前回、「ユーザーにとってなくてはならない価値を実現するために、ビルメンテナンスの業務を再編成すること」を提案させていただきました。それはいったいどういうことなのか、お話しさせていただきたいと思います。
ビルメンテナンスの仕事は、例えば清掃、設備管理、警備をはじめ、実に多種多様なサービスを組み合わせることで、ユーザーにとっての「価値」を提供しています。当然、ユーザーが求める価値、つまりベネフィットはそれぞれ違いますから、ビルメンテナンスは各々のユーザーベネフィットを満たすために、あらゆるサービスを最適に組み合わせて提供していると思います。
身近な例で置き換えると、パソコンがこれに近いのではないでしょうか。一言でパソコンといっても、構成するパーツはCPU、メモリ、記憶媒体、グラフィックボード、電源ユニット(バッテリー)など多種多様で、それぞれに星の数ほどの製品があります。パソコンメーカーは、お客様のベネフィットを満たすために、パーツを最適に組み合わせて製品を作り、提供しています。
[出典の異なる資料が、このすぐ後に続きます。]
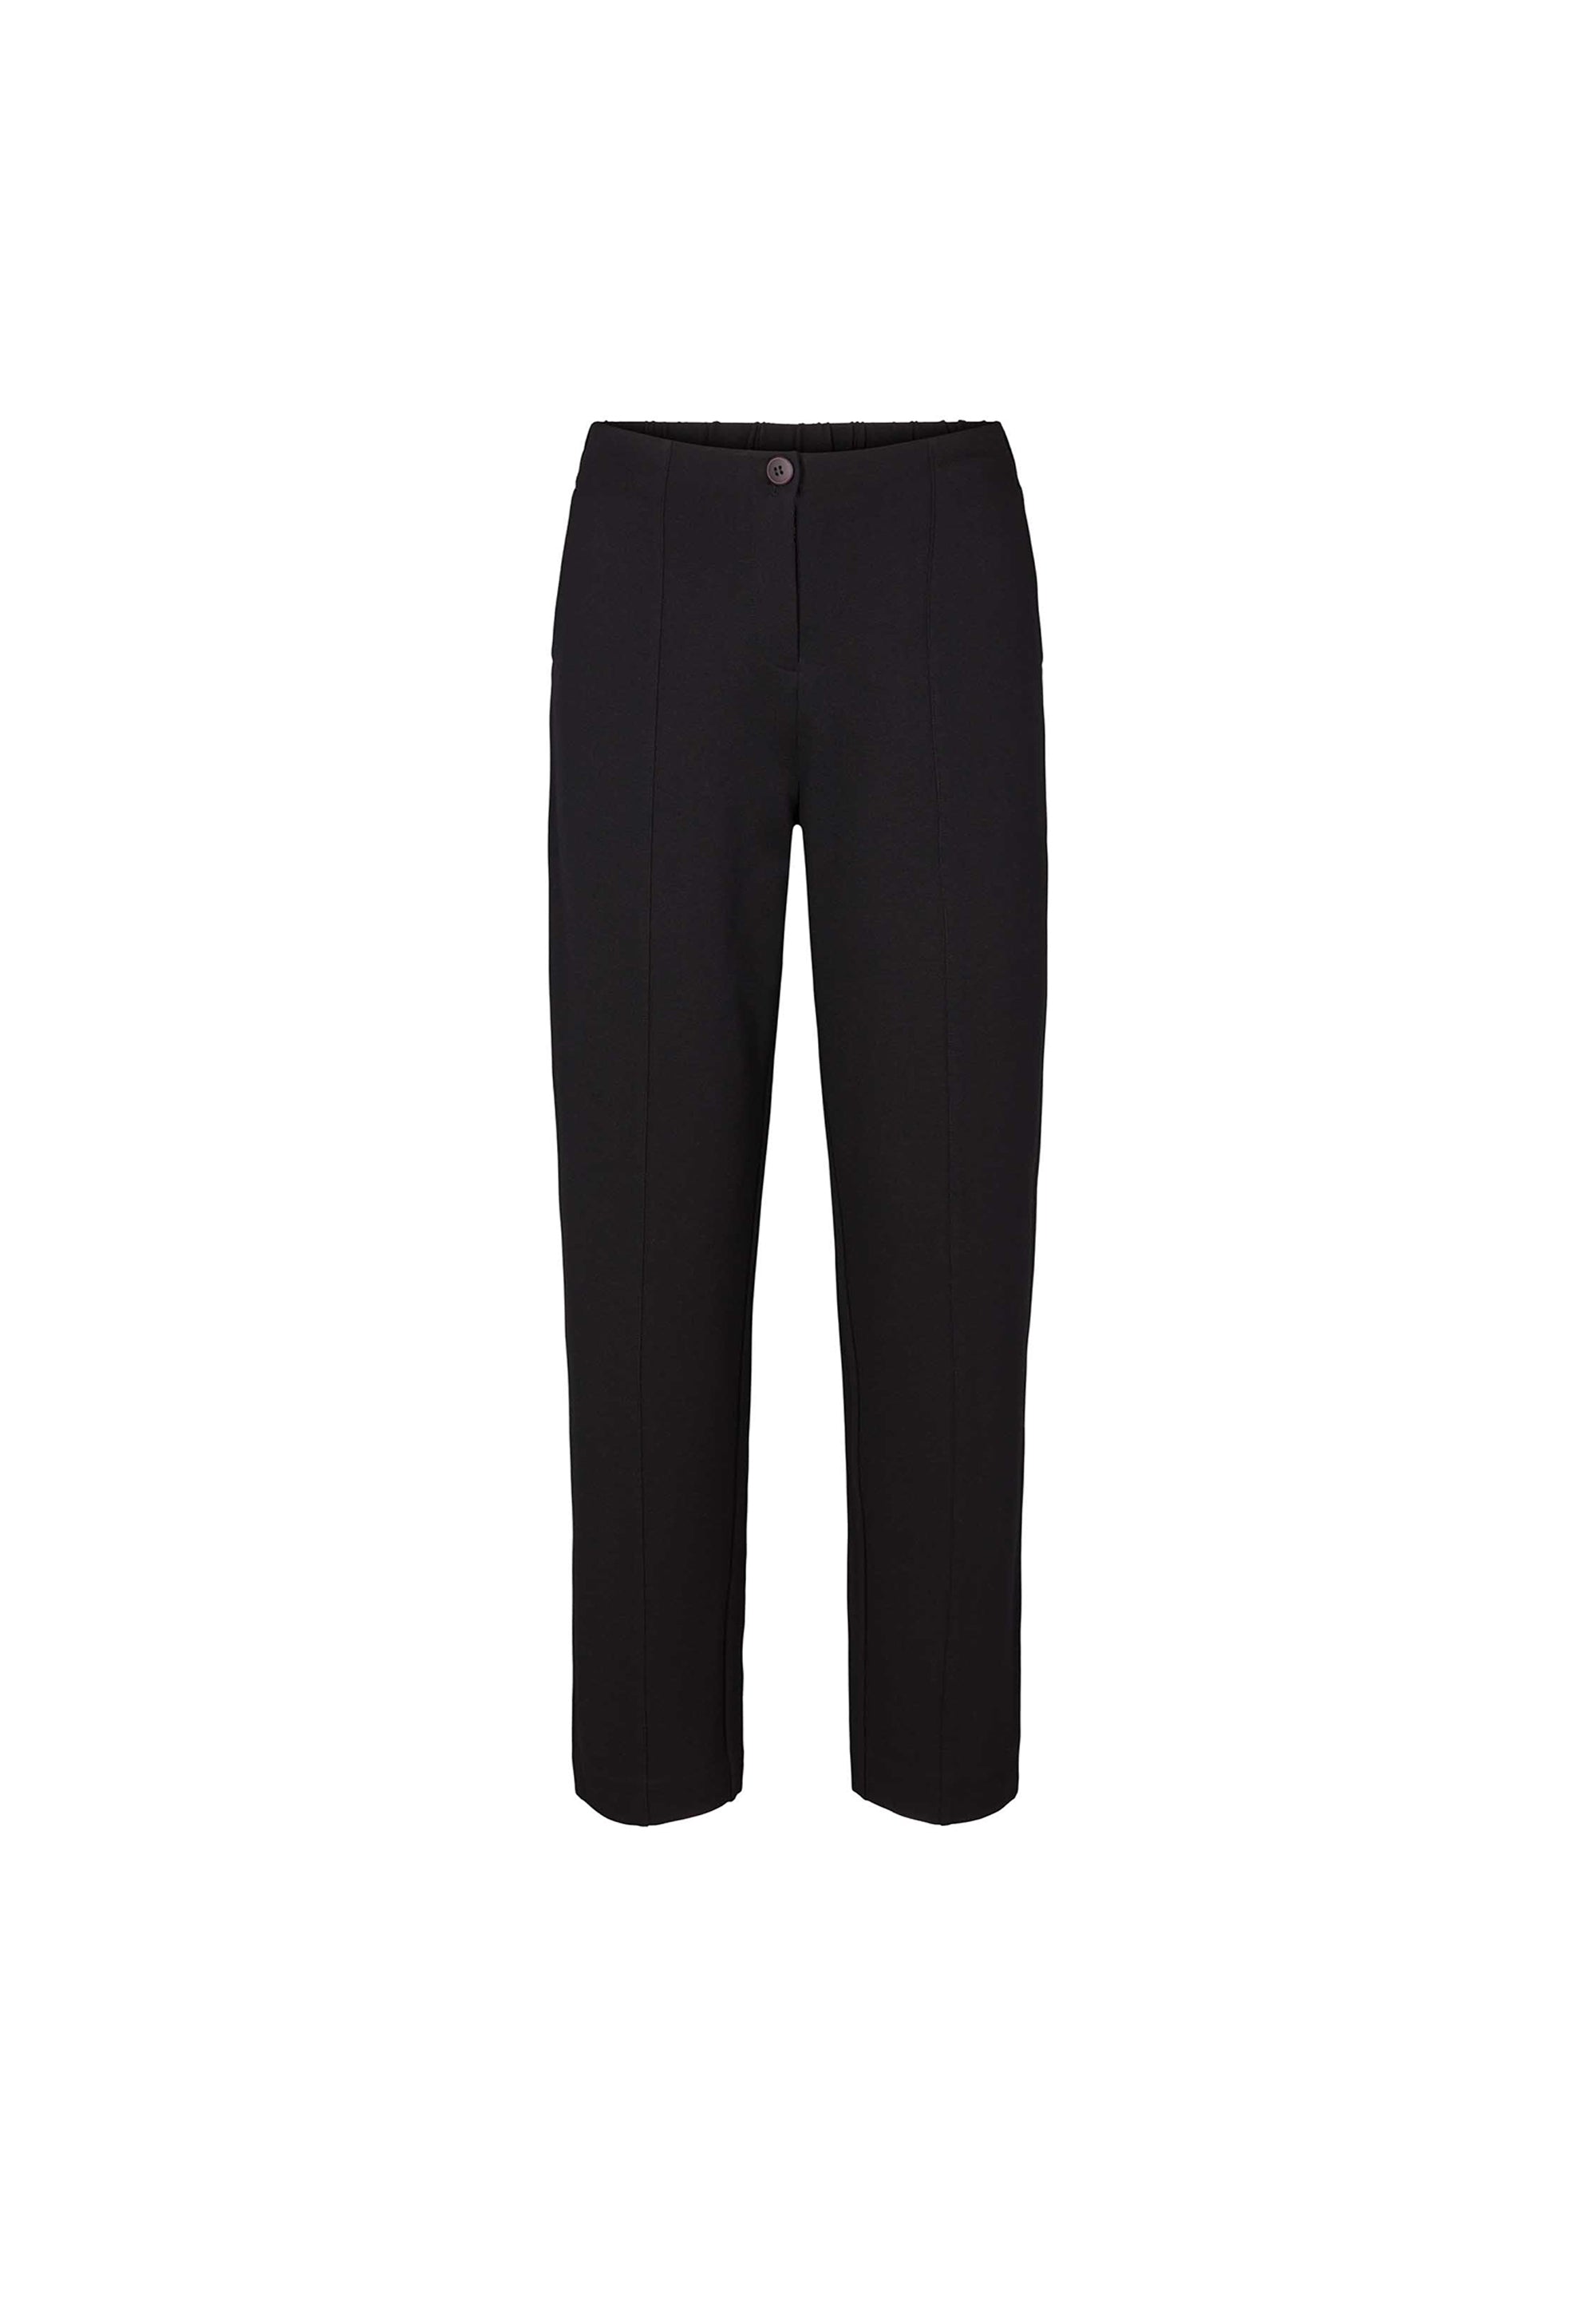 LAURIE Diana Relaxed - Medium Length Trousers RELAXED 99147 Black

例えば、「いつでも持ち歩いて使いたい」というベネフィットを満たすために、とにかく軽量でバッテリーが長持ちするモバイルパソコン。「3Dのゲームを快適に楽しみたい」というベネフィットを満たすために、グラフィック性能とメモリを最大まで強化したゲーミングパソコン。「性能より低価格重視」というベネフィットを満たすために、余計な機能をそぎ落として低コスト化したビジネスパソコンなど、実にさまざまです。
では、ビルメンテナンスはどうでしょうか。例えば「徹底的に衛生的な環境が欲しい」というベネフィットを満たすために、殺菌・消毒を強化した清掃や、空気質のコントロールを強化した設備管理・衛生管理、外からの菌の持ち込みを徹底的に排除する警備などを組み合わせたサービス。また「毎日快適に働きたい」というテナントのベネフィットを満たすため、家庭と同じレベルの清潔感がある洗面所の演出(清掃)、くつろげるリフレッシュコーナーを演出する設備や照明(設備管理)などを組み合わせたサービス。組み合わせや見せ方を変えることで、ユーザーの経営向上、利益向上という「積極的価値」を明確に表現できそうです。
昨年11月、ビルメンヒューマンフェアの基調講演「これからの不動産経営について」のなかで、講師の牧野知弘氏(オラガ総研)は、ビルメンテナンスに求められているのは「何がオーナーのためになるのか、何がテナントのためになるのかを考え、オーナーに寄り添い、問題を解決してくれる頼れる存在になること」だと提言されています。このような考え方を持つユーザーが増えていることは間違いないと思われます。